Specialists recognize two different strategies for building controlled vocabularies: top-down, in which terms and their relationships are defined intuitively prior to their direct application in an indexing situation; and bottom-up, in which terms and relationships are added to the vocabulary in the process of indexing. But the same specialists also recognize that most vocabularies are developed using a combination of these two abstract approaches. We developed the USGS thesaurus using this combined strategy. Beginning by simply listing lots of important terms, we grouped those terms using a card-sorting procedure, and then refined the hierarchy with intuitive processes (that is, by relying on what we know). Subsequent revisions have occurred by group deliberation.

Preliminary development of the thesaurus was conducted using commercial software (MultiTES) by a contractor. Subsequent development and revision has occurred in a web-based database application developed by the group meeting the specific needs of this project.

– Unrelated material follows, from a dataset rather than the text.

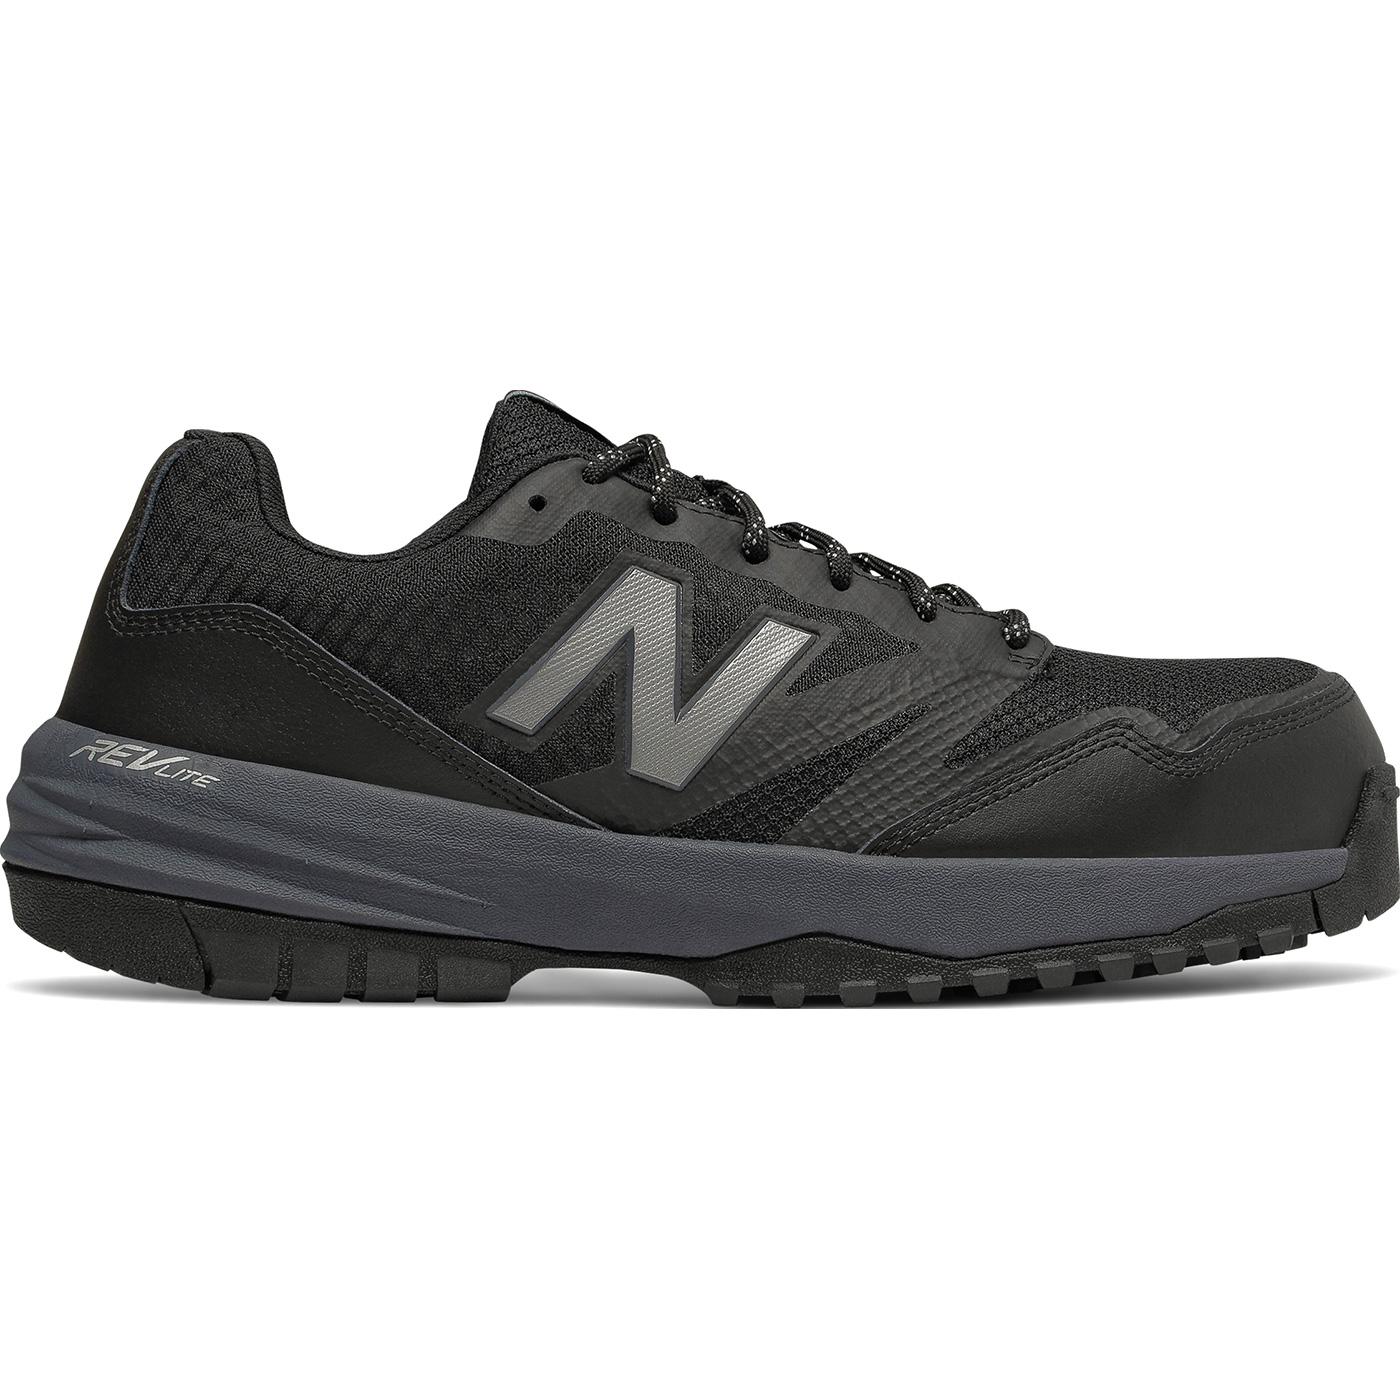 a5181cea98849 New Balance 589v1 Men's Composite Toe Electrical Hazard Athletic Work  ShoeNew Balance 589v1 Men's Composite Toe Electrical Hazard Athletic Work  Shoe,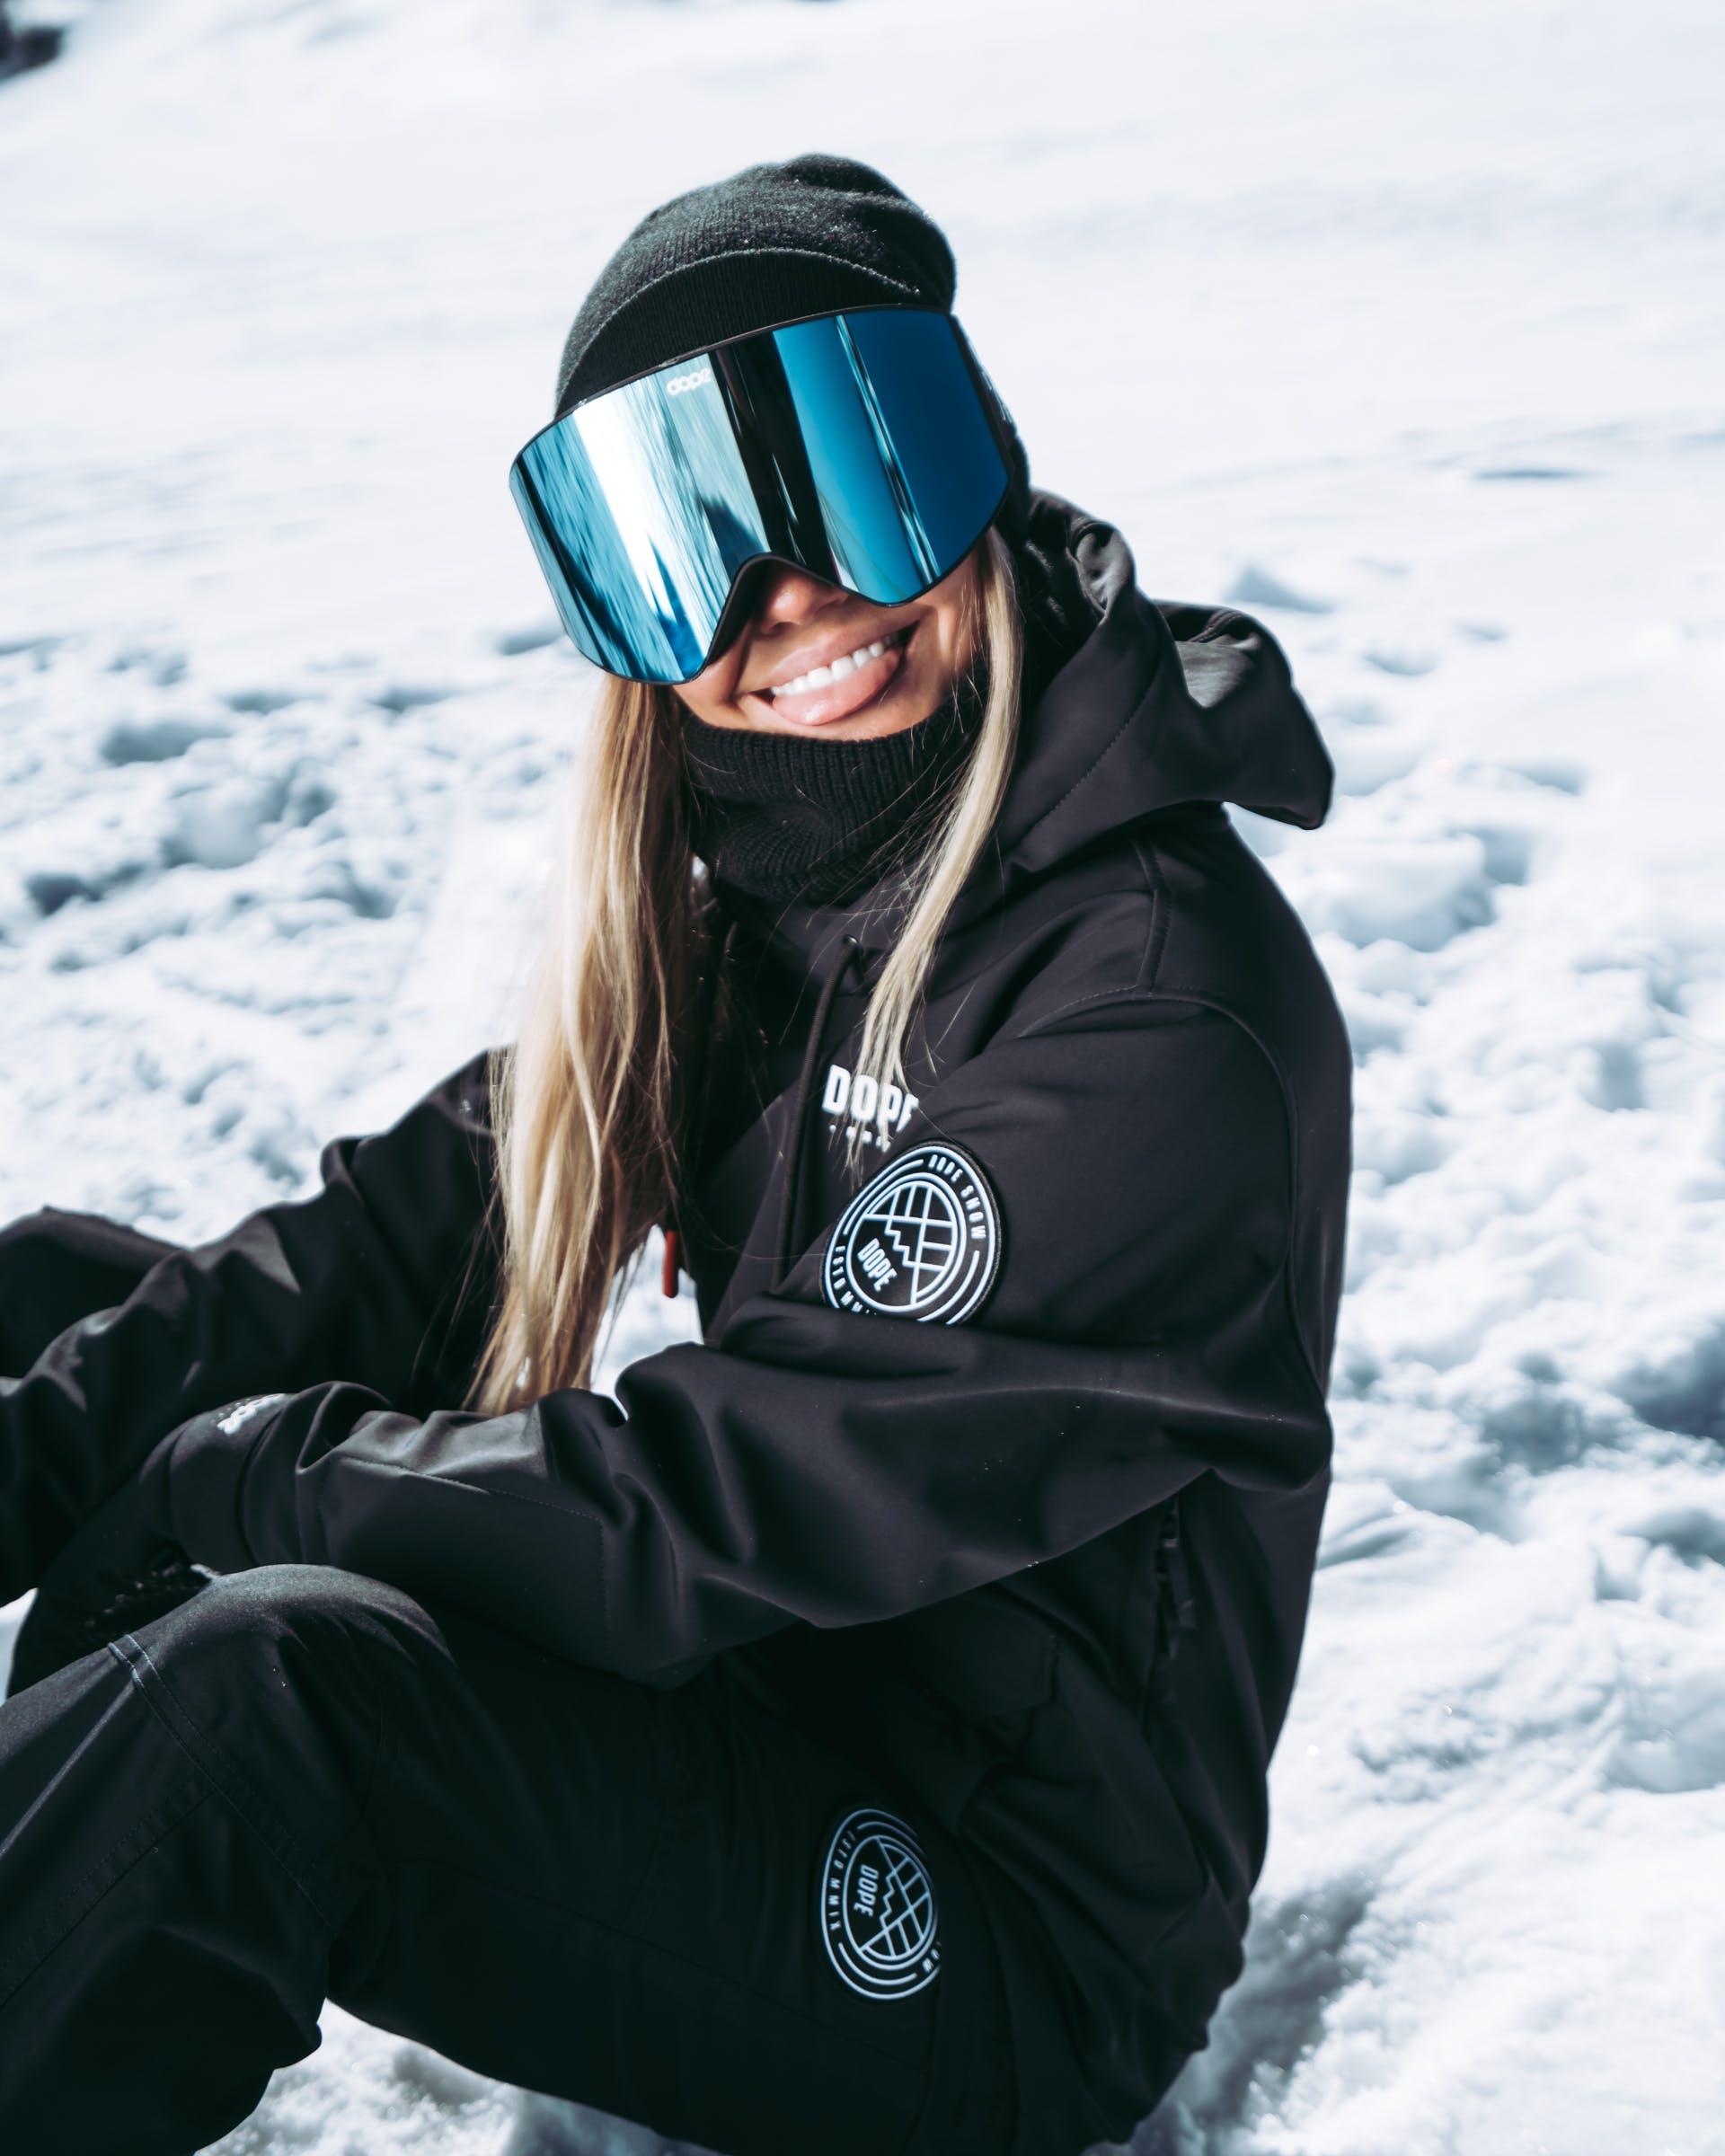 injuries while snowboaring

Review of existing controlled vocabularies

We examined many similar controlled vocabularies of various types before and during this process. Examples are the GEOREF thesaurus produced by the American Geological Institute, the CERES thesaurus ( http://ceres.ca.gov/thesaurus/) the Geographic Names Information System (GNIS), the Integrated Taxonomic Information System (ITIS), the categorization scheme used in the Marine Realms Information Bank (http://mrib.usgs.gov/), and numerous smaller or more specialized vocabularies such as glossaries of scientific and technical terms presented on USGS web sites.

How is the thesaurus stored? Can I get a copy of it?
The USGS thesaurus and the other controlled vocabularies we use are stored in a relational database. The structure of the database is described in a table named "about" included in the database.